FilmStruck and TCM Dedicate Pride Month To Films with LGTBQ Themes!

FilmStruck and TCM are celebrating Pride Month with extensive movie lineups dedicated to exploring LGBTQ themes in cinema – and the actors whose talent allowed them to thrive at work while remaining closeted privately.

TCM & FilmStruck To Celebrate Pride Month With Extensive Programming Lineups Dedicated LGBT Programming in June

Turner Classic Movies (TCM) and FilmStruck will celebrate Pride Month this June with extensive movie lineups dedicated to exploring LGBT themes in cinema. Honoring a number of LGBT actors and artists whose talents helped them overcome the roadblocks they faced because of their orientation or gender identity, TCM will spotlight Gay Hollywood, hosted by entertainment journalist Dave Karger and author and historian William Mann, every Thursday in June, and FilmStruck will present a Gay and Lesbian Cinema showcase, hosted by film critic Alonso Duralde.

Before the 1969 Stonewall riots in New York City, Hollywood’s LGBT community was forced to stay in the shadows, both on the screen and off. Depictions of same-sex love in the movies were rare and often coded, and members of the film industry were expected to draw a discreet veil over any such tendencies. The sexual revolution and the increasingly visible LGBT-rights movement began to open up new opportunities for LGBT stars and stories to be brought out of the “celluloid closet.”

TCM’s Gay Hollywood will take a look at both open and closeted stars throughout film history, including:

·       MGM star William Haines (Just a Gigolo, 1931) is considered the first openly gay Hollywood actor. For nearly 50 years, he shared his life with his partner, Jimmie Shields. And despite seeing his movie career end after refusing to give in to studio demands, he went on to enjoy an enormously successful career as one of Hollywood’s most sought-after interior designers

·       Some celebrities of the 1940s, though widely known to be gay, remained closeted during their careers, including composer Cole Porter (Night and Day, 1946) and actor Clifton Webb (The Razor’s Edge, 1946)

·       Several top male heartthrobs of the 1950s and ’60s, including Rock Hudson (All That Heaven Allows, 1955), Montgomery Clift (Suddenly, Last Summer, 1959) and Anthony Perkins (Psycho, 1960), were gay, although they remained closeted during all or most of their careers

·       Two of America’s finest playwrights were gay and had their seminal plays adapted for the screen, including Tennessee Williams (Cat on a Hot Tin Roof, 1958) and Edward Albee (Who’s Afraid of Virginia Woolf?, 1966)

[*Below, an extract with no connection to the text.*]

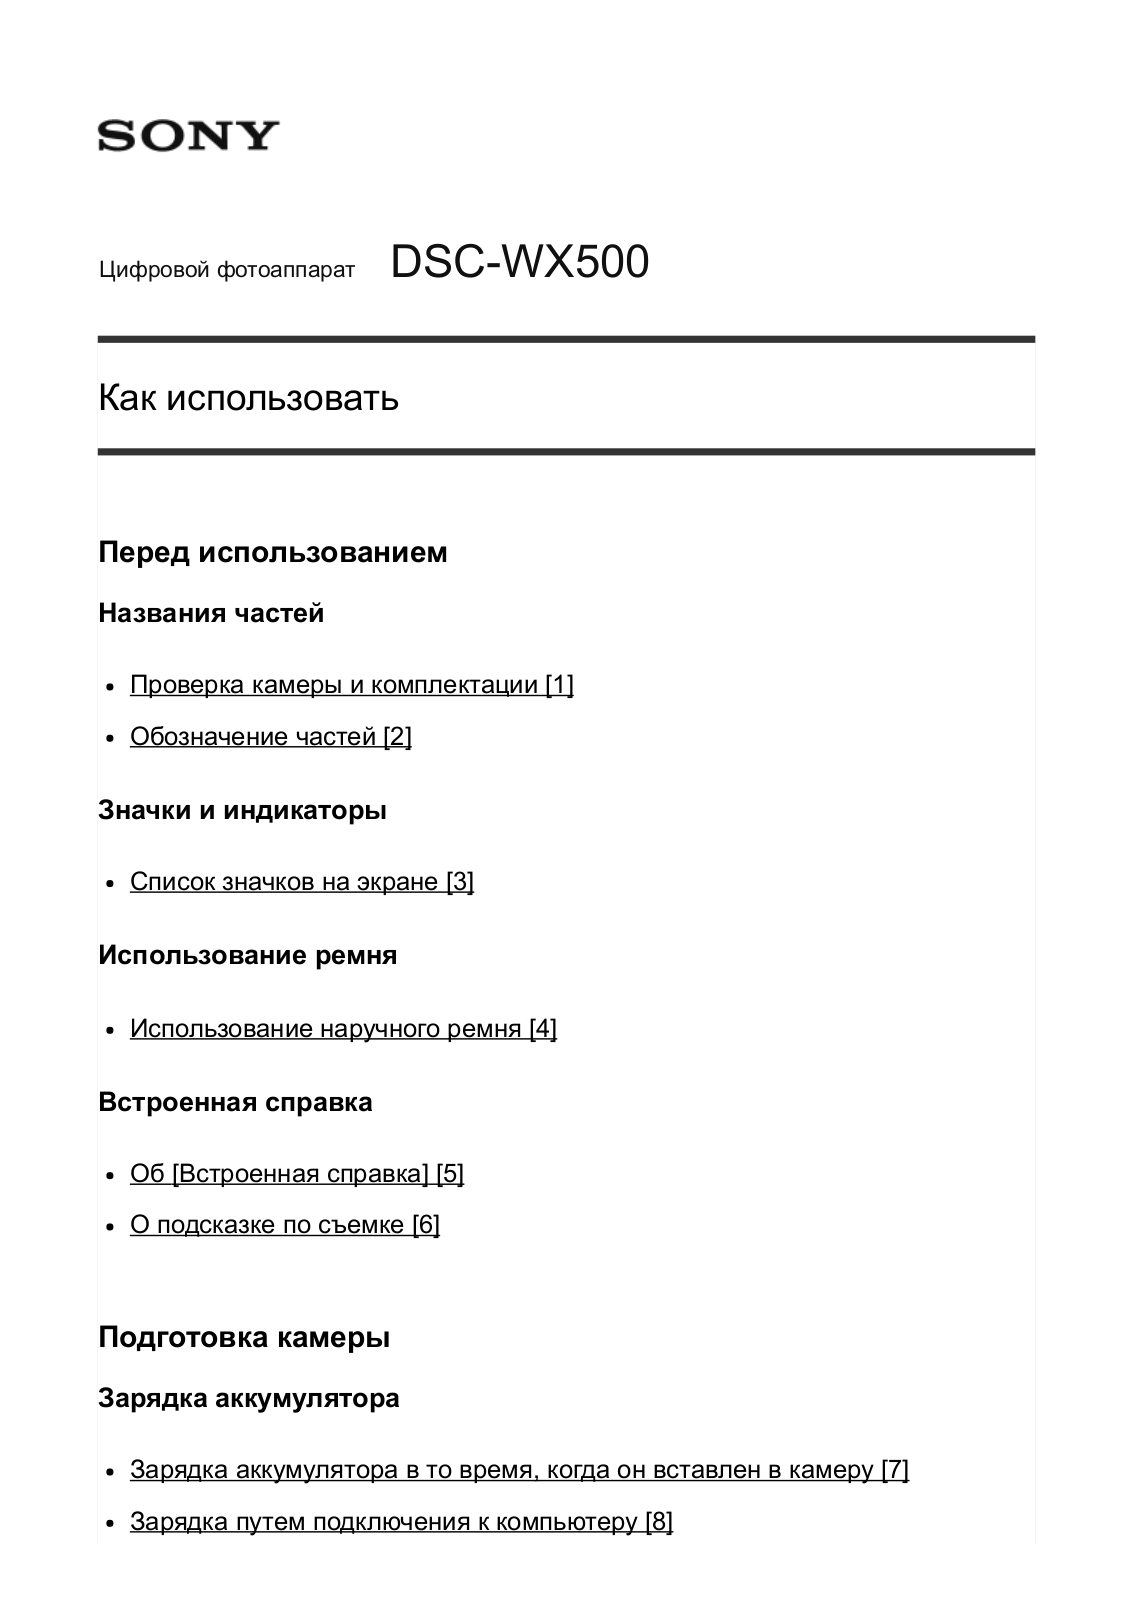 Sony DSC-WX500 User Manual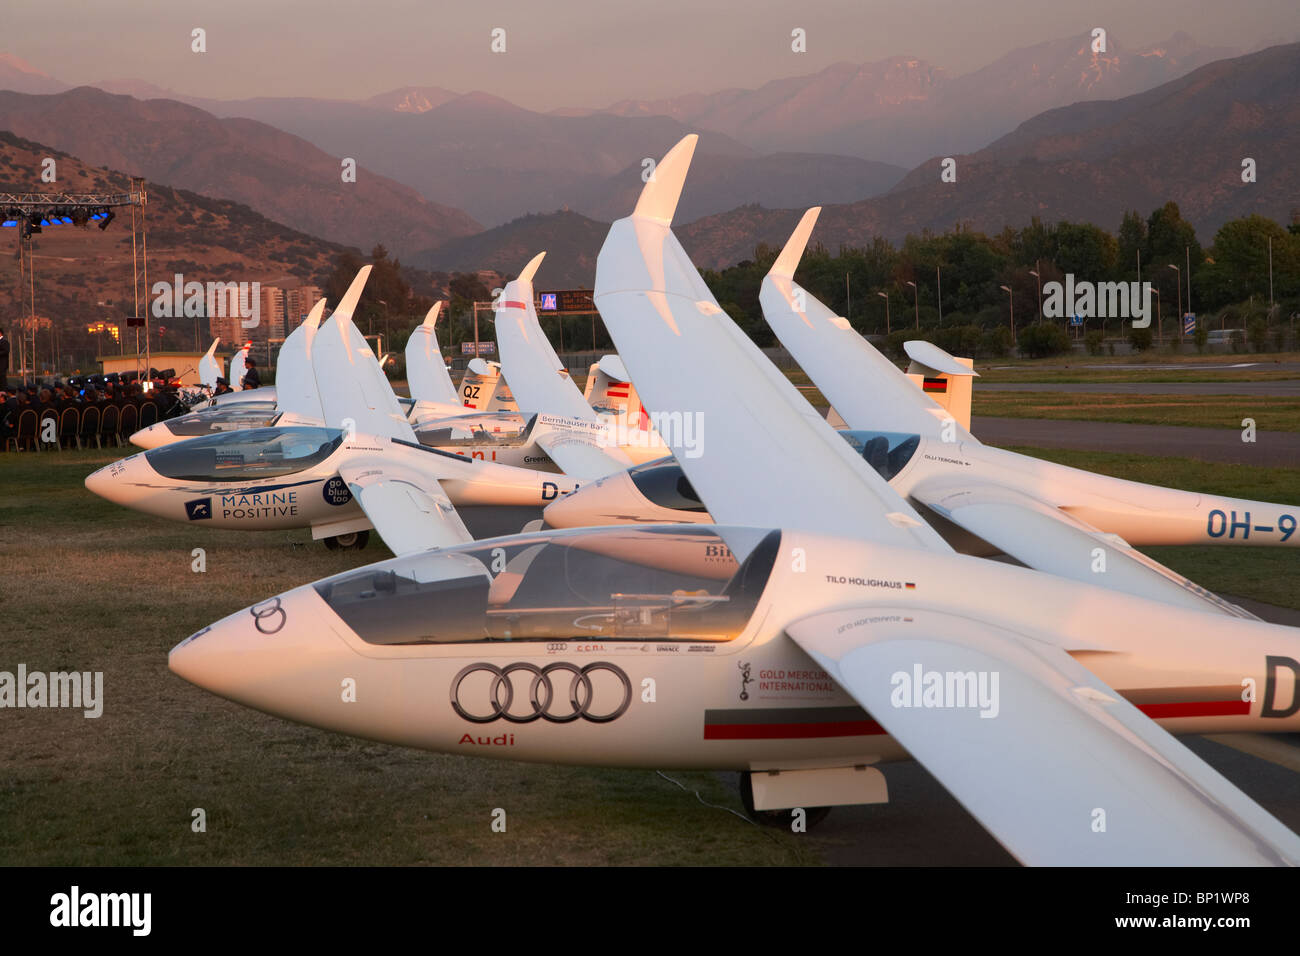 Dernière Lumière sur les planeurs au FAI World Grand Prix de planeur, l'Aérodrome de Vitacura, Santiago, Chili, Amérique du Sud Banque D'Images

·       Actress Linda Hunt (The Year of Living Dangerously, 1982) has been open about her marriage to her partner Karen Kline

·       It may have taken him a while, but Oscar® winner Joel Grey (Cabaret, 1972) eventually came out of the closet in 2015 at the age of 82

FilmStruck will explore the ways in which cultural and societal institutions have often suppressed sexual orientation over the course of history, including in the cinema. FilmStruck’s Gay and Lesbian Cinema bundle will highlight movie depictions of same-sex love with a wide variety of films from different eras, including:

·       Parting Glances (1986) – Bill Sherwood’s honest and open drama looks at a gay couple facing an impending separation when one goes overseas for a job assignment while his partner stays in Manhattan to care for his best friend who is dying of AIDS

·       The Times of Harvey Milk (1984) – Rob Epstein won an Oscar® for this powerful documentary chronicling the life and activism of murdered gay rights pioneer Harvey Milk

·       Victim (1961) – Basil Dearden’s groundbreaking drama stars Dirk Bogarde as a barrister who decides to fight back after being blackmailed over his homosexuality

·       Another Country (1984) – Rupert Everett stars as a gay Eton student in this drama based on the play by Julian Mitchell and inspired by the life of double agent Guy Burgess. Colin Firth, in his film debut, co-stars as a fellow student with Marxist tendencies

·       The Watermelon Woman (1996) – Cheryl Dunye plays a version of herself in this witty, nimble landmark of New Queer Cinema

“Our June programming lineups will show how stars and filmmakers from Hollywood and around the globe have navigated around the demands of societal restrictions to tell LGBT stories, while also celebrating some of the stars and artists whose careers have been affected – both positively and negatively – by views of their sexual orientation and gender identity,” said Charles Tabesh, senior vice president of programming & production for TCM and FilmStruck. “We look forward to exploring their lives, work and sharing their stories with our fans.”